Wednesday, March 6, 2013

Gospel Blog: Matthew 6:16-34

Note: See Introduction for context on this series on the Gospels.

Summary of Matthew 6:16-34
Jesus continues the theme of serving the Father with a pure heart (with a focus toward "heavenly" rewards) rather than for fame and other earthly rewards.

Detailed Thoughts about Matthew 6:16-34
Very recently, a famous pastor tweeted the following:
"A young girl in our church recently counted every time I said the name 'Jesus' in a sermon. She reported it was 67, not including the opening and closing prayers. I love my 'job.'."
For those of you who have been reading these gospel blog entries: can there be a better example of what Jesus was telling his followers NOT to do? Before, I would have been hesitant to call someone out like this, fearing it would be judgmental or disrespectful. However, reading these few chapters, Jesus challenges and sternly lectures the religious leaders of the day about their hypocricy. In fact, he uses these men as the primary contrast point in this sermon. The wonderful Stephanie Drury, responding to this particular tweet, puts it this way:
"The logic seems to be that if you say 'Jesus' a lot it means your sermon is extra-infused with Jesusness. But Jesus told the Pharisees their longwindedness and showing off their knowledge of the Torah was utter wankery and was all the reward they were going to get."
Can I get an Amen!

NOTE: Looking ahead, I see that chapter 7 begins with 'Don't condemn others and God won't condemn you.' I condemning this pastor for his tweet? I'm going to save this little gem until next time. Cliffhanger!

Back to the text. Jesus tells his followers how to fast, just as he told how them to pray: secretly. He goes so far as to advise them to give the appearance of not fasting. The reward achieved by fasting (enlightenment? more connection with the Father?) is diluted if it is done to get attention and affirmation from others. As a sort of conclusion to the prayer and fasting bits, Jesus tells the crowd to store their treasures in heaven, not on earth.

All these themes of kingdom living continue to strike me as beautiful (even if impossible). The ethic is both others-centric and God-centric, yet these two concepts are unified so closely that you cannot help but follow one of these without following the other automatically.

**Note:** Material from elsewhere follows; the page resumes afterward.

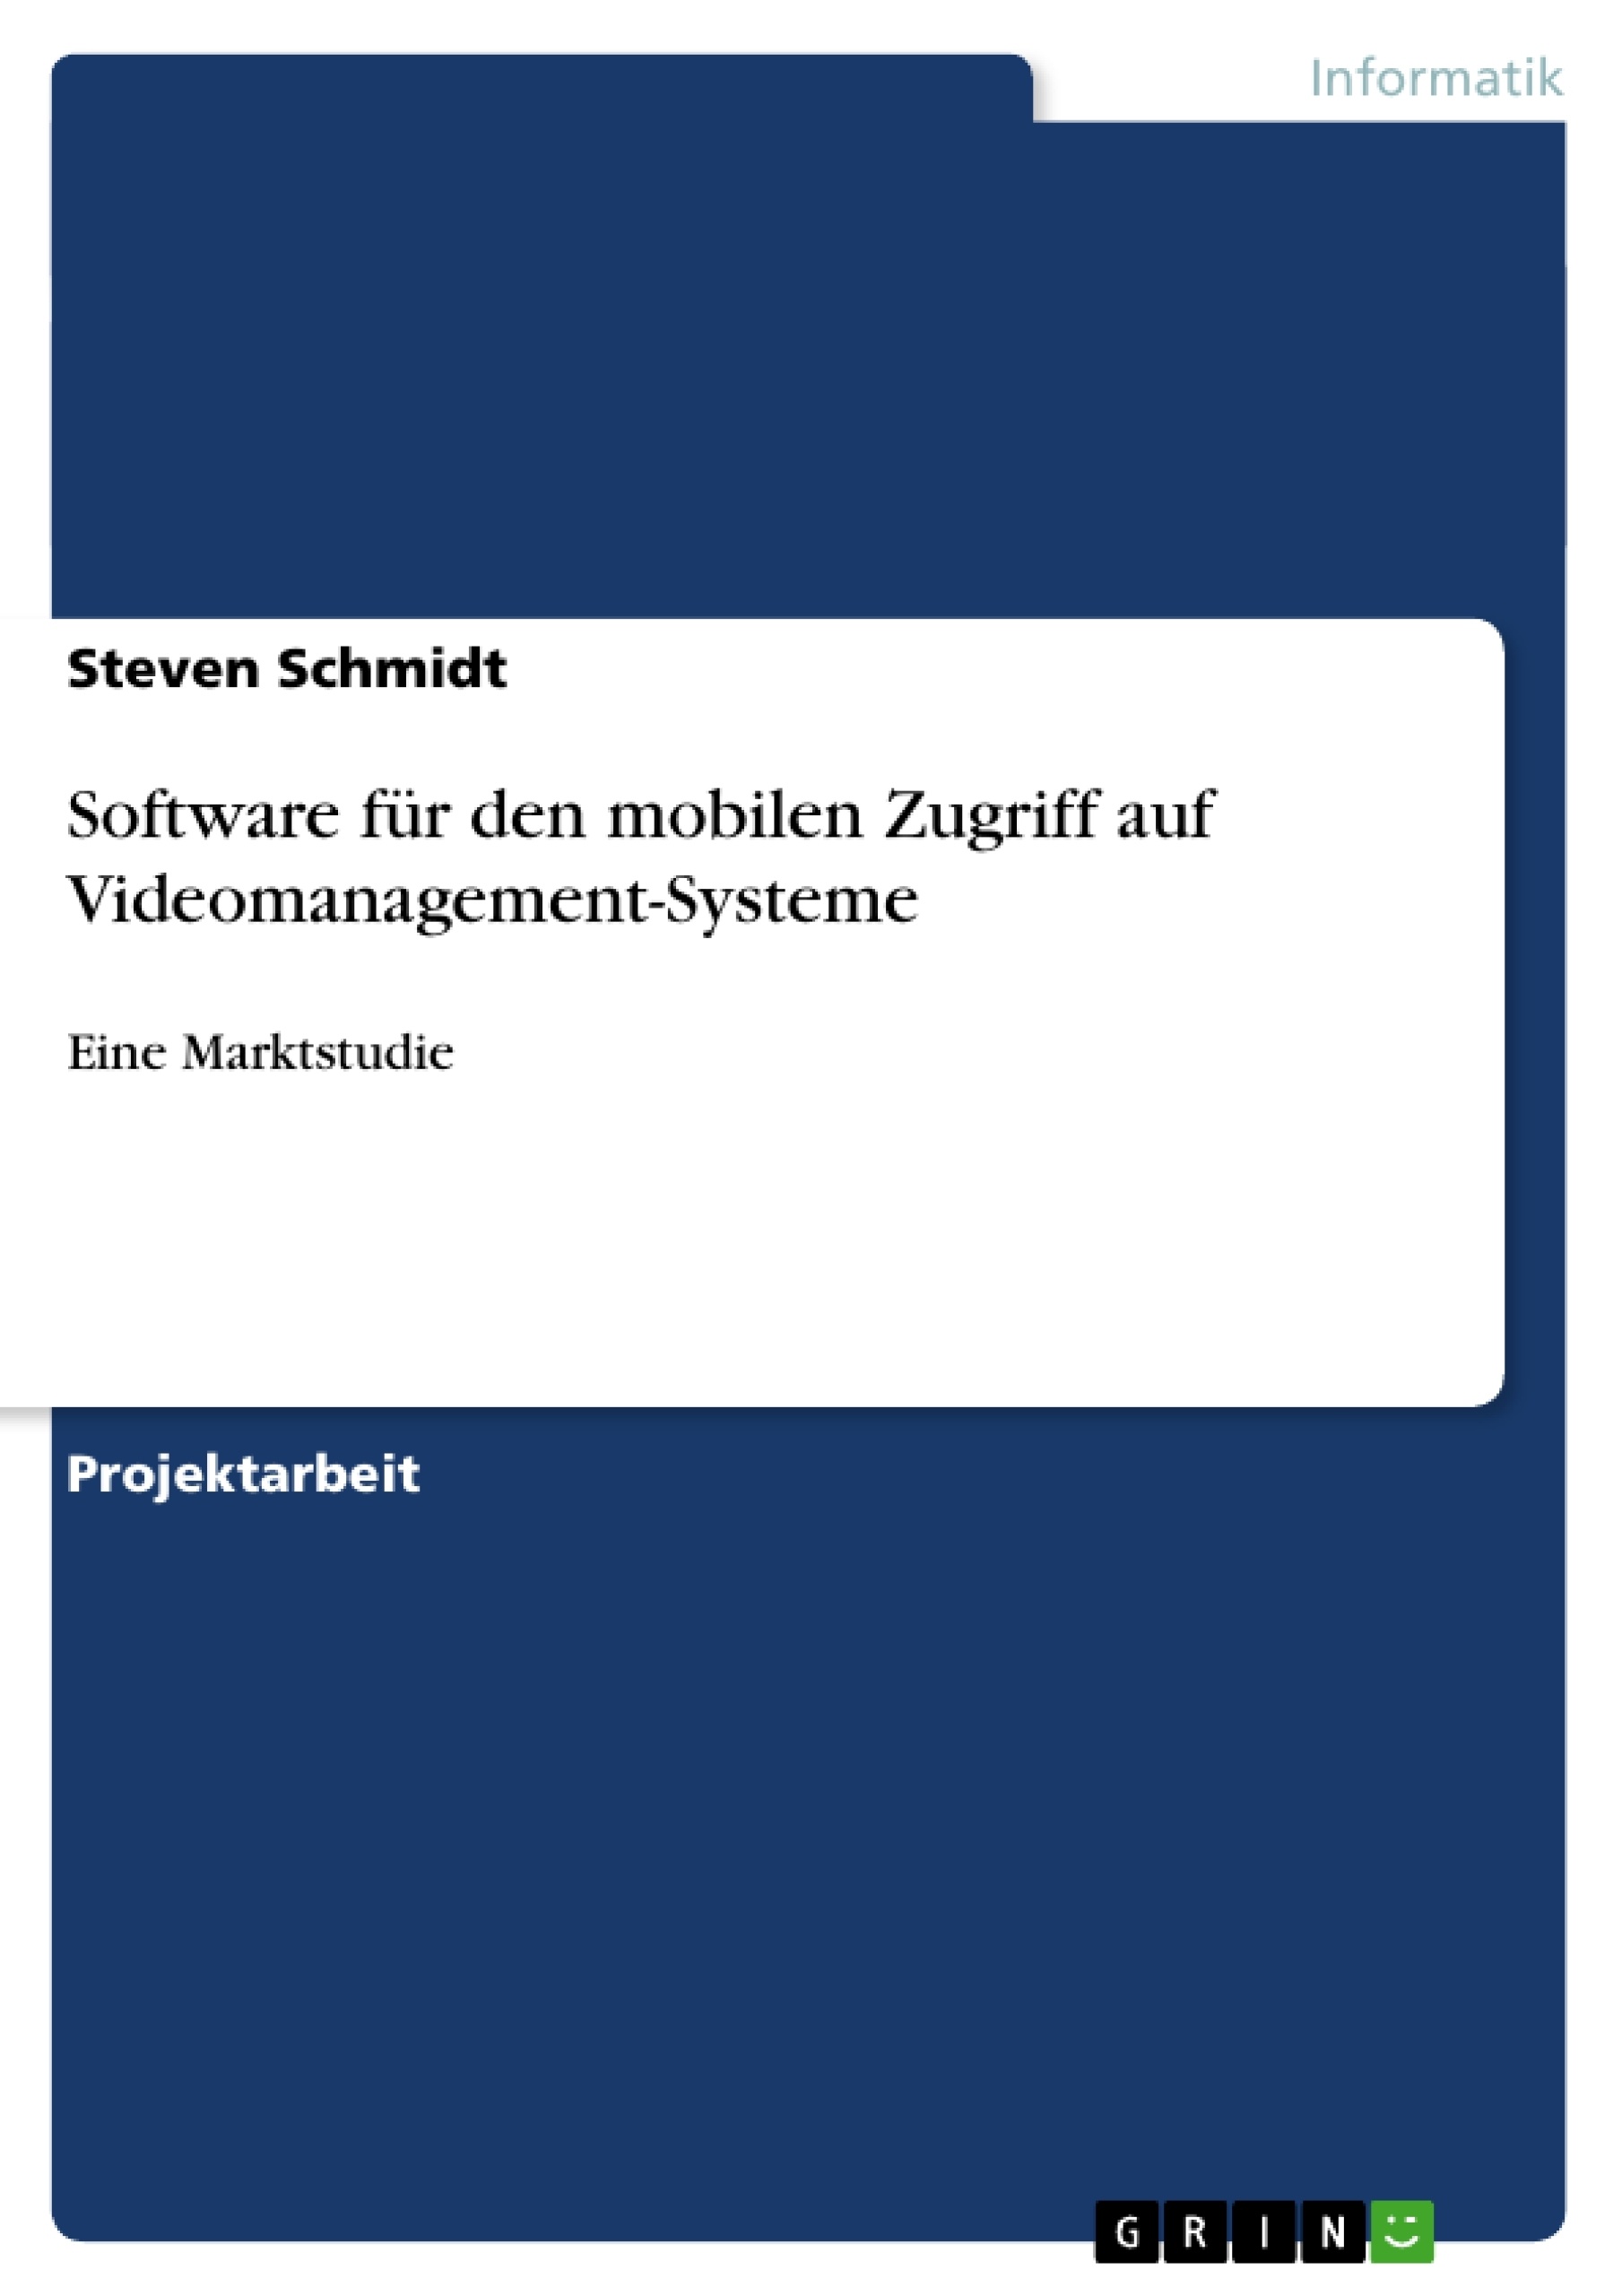 Title: Software für den mobilen Zugriff auf Videomanagement-Systeme

The next verses, 22-24, are fascinating. Jesus tells the crowd that the eyes are a window to the soul. I can't help but think of those in our culture who are dead-eyed despite the smiles plastered on their faces. From reality-TV stars to celebrity pastors, what these dead-eyed folks have in common is that they are striving for treasures on earth. Fame. Affirmation. Attention. Power. Control. Money.

Let me take a step back and confess my own shortcomings. I long for ALL of those things. I can get especially desperate for affirmation and attention. (Just ask my partner!) But rather than using these standards of kingdom living to judge ourselves and others, perhaps it is a tool to help us measure where we need the most help. And by "help" I don't mean behavior modification. Maybe this is where the concept of "repentance" comes in? We see where we lack, we admit it freely, and we ask for help. NOT so that God will make us "better Christians" (whatever that means). But that our lives will have more meaning. So that we can actually be light and salt to the world. So that we can be people defined by our love and connection, rather than defined by our pride and our victories in spiritual competition. Our eyes can't help but shine brightly when we have meaning, love, and connection! These gifts MUST be at least a portion of the "reward" that Jesus keeps talking about throughout his sermon.

The chapter concludes with Jesus telling his followers not to worry about normal, day-to-day needs, such as food, water, and clothing. With the context of everything Jesus has said in his sermon so far (treasures in heaven vs. treasures on earth), it makes sense for him to pivot to talk about what this might mean for mundane, day-to-day life.

I am disappointed with this portion of his sermon, however. Sure, the birds and the flowers thrive and are beautifully adorned. But there's a shitload of horrible stuff happening in the world. Millions upon millions DON'T have enough to eat or drink. Evil and famine and injustice permeate our planet. Jesus says in verse 33 to "put God's work first and do what he wants. Then the other things will be yours as well." This verse is more familiar as "seek first the kingdom of God...." So, is this REALLY true?

I'm seriously struggling with these verses (25-34). Perhaps these words shouldn't be taken as a literal "if-then" promise. Perhaps they only "work" if we apply them to ourselves and not projecting them onto others. Perhaps it is simply another principle to follow. It's moments like these when I remember why I don't really believe the Bible (at least as we have it today) is the "inerrant word of God." Surely our interpretations are far from inerrant. My experience with the world runs counter to what's written here. Once again, I don't have the answers, nor do I know the reasons why. But that's OK.